El Salvador’s failure to find a concessionaire for the Port of La Unión (PLU) could leave it without a deepwater container handling facility and without the ability to develop a logistics network linking Central America’s Pacific and Atlantic coasts. This is the opinion of Alberto Arene, economist and former president of the country’s Autonomous Port Executive Commission (CEPA).
He stated that the lack of a concessionaire will indirectly help build a financial case for the construction of the proposed port of Amapala, in neighbouring Honduras, for which Korea International Cooperation Agency (KOICA) is undertaking a feasibility study. This would be a large, deepwater port on Tigre Island.

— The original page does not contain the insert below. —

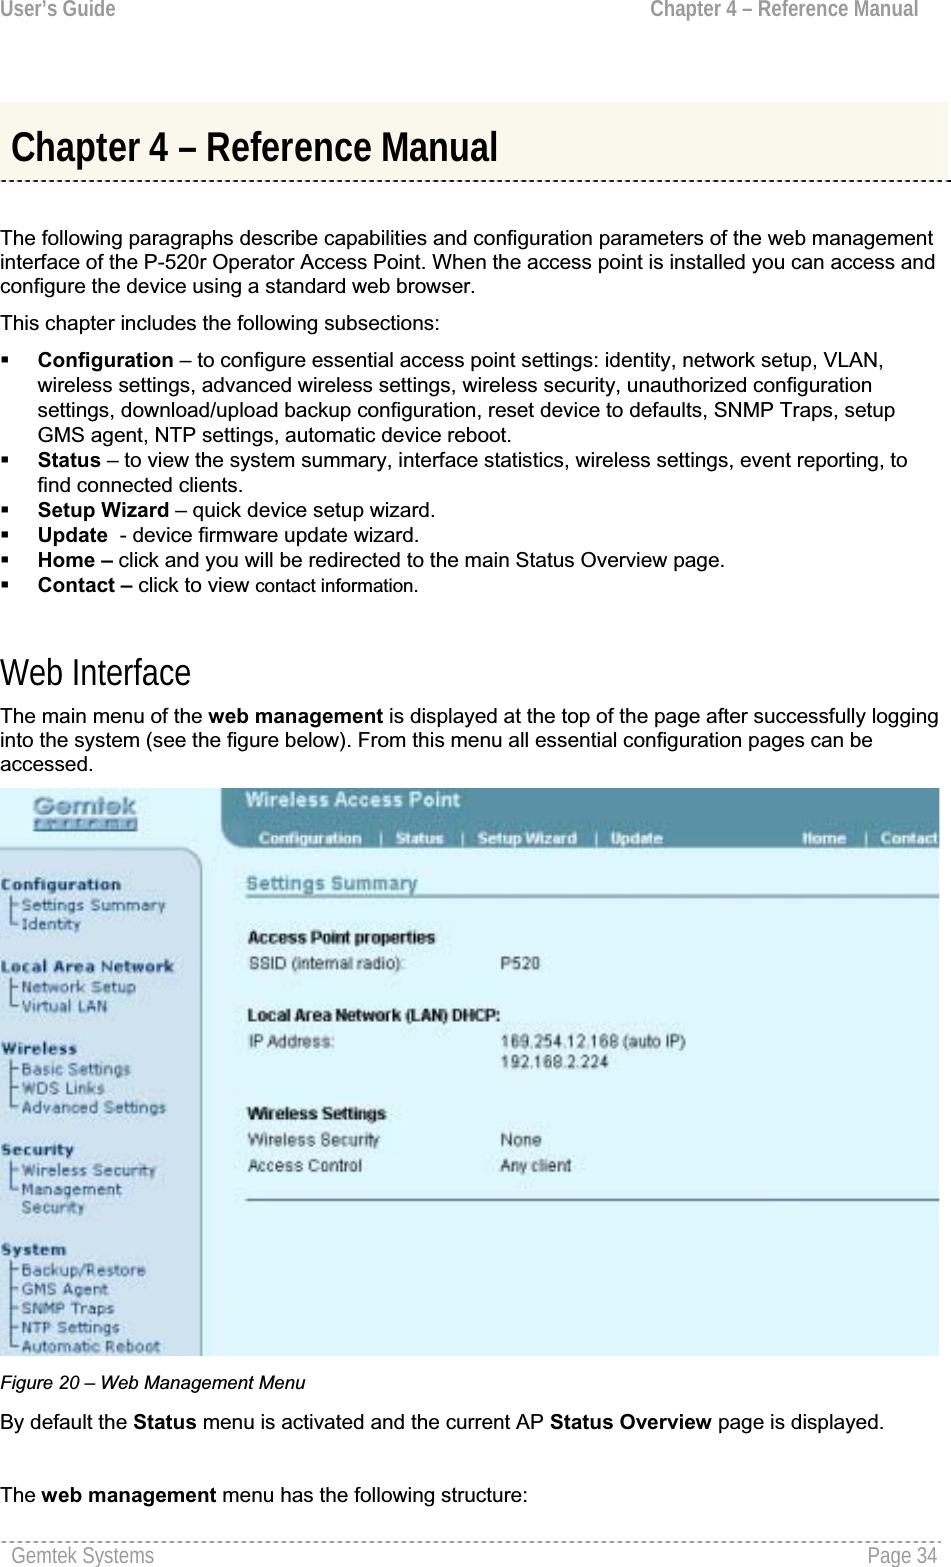 User’s Guide  Chapter 4 – Reference ManualChapter 4 – Reference Manual The following paragraphs describe capabilities and configuration parameters of the web managementinterface of the P-520r Operator Access Point. When the access point is installed you can access and configure the device using a standard web browser.This chapter includes the following subsections:Configuration – to configure essential access point settings: identity, network setup, VLAN, wireless settings, advanced wireless settings, wireless security, unauthorized configurationsettings, download/upload backup configuration, reset device to defaults, SNMP Traps, setupGMS agent, NTP settings, automatic device reboot.Status – to view the system summary, interface statistics, wireless settings, event reporting, to find connected clients.Setup Wizard – quick device setup wizard.Update  - device firmware update wizard.Home – click and you will be redirected to the main Status Overview page.Contact – click to view contact information.Web InterfaceThe main menu of the web management is displayed at the top of the page after successfully logginginto the system (see the figure below). From this menu all essential configuration pages can beaccessed.Figure 20 – Web Management Menu By default the Status menu is activated and the current AP Status Overview page is displayed.The web management menu has the following structure: Gemtek Systems  Page 34

Given the fact that Puerto Quetzal has also just opened in Guatemala, there may not now be a case to promote a rival facility in El Salvador.
According to Arene, the previous government of El Salvador understood that it needed a “heavyweight” operator for PLU. However, regional competition will drive down rates in Central America, and make it impossible for El Salvador to compete. The original concession for PLU became viable only when the government suggested that U$15M would be made available to dredge the access channel, first to 10m and later to 12m, but the first stage should have happened in 2015.
Had the PLU concession been a success, Honduras would not have proceeded with the Amapala project. The original idea was to create a logistics corridor linking PLU on the Pacific with Honduras’s Puerto Cortés on the Atlantic. However, a change of government in El Salvador and new people in charge at CEPA appear to have scuppered this arrangement.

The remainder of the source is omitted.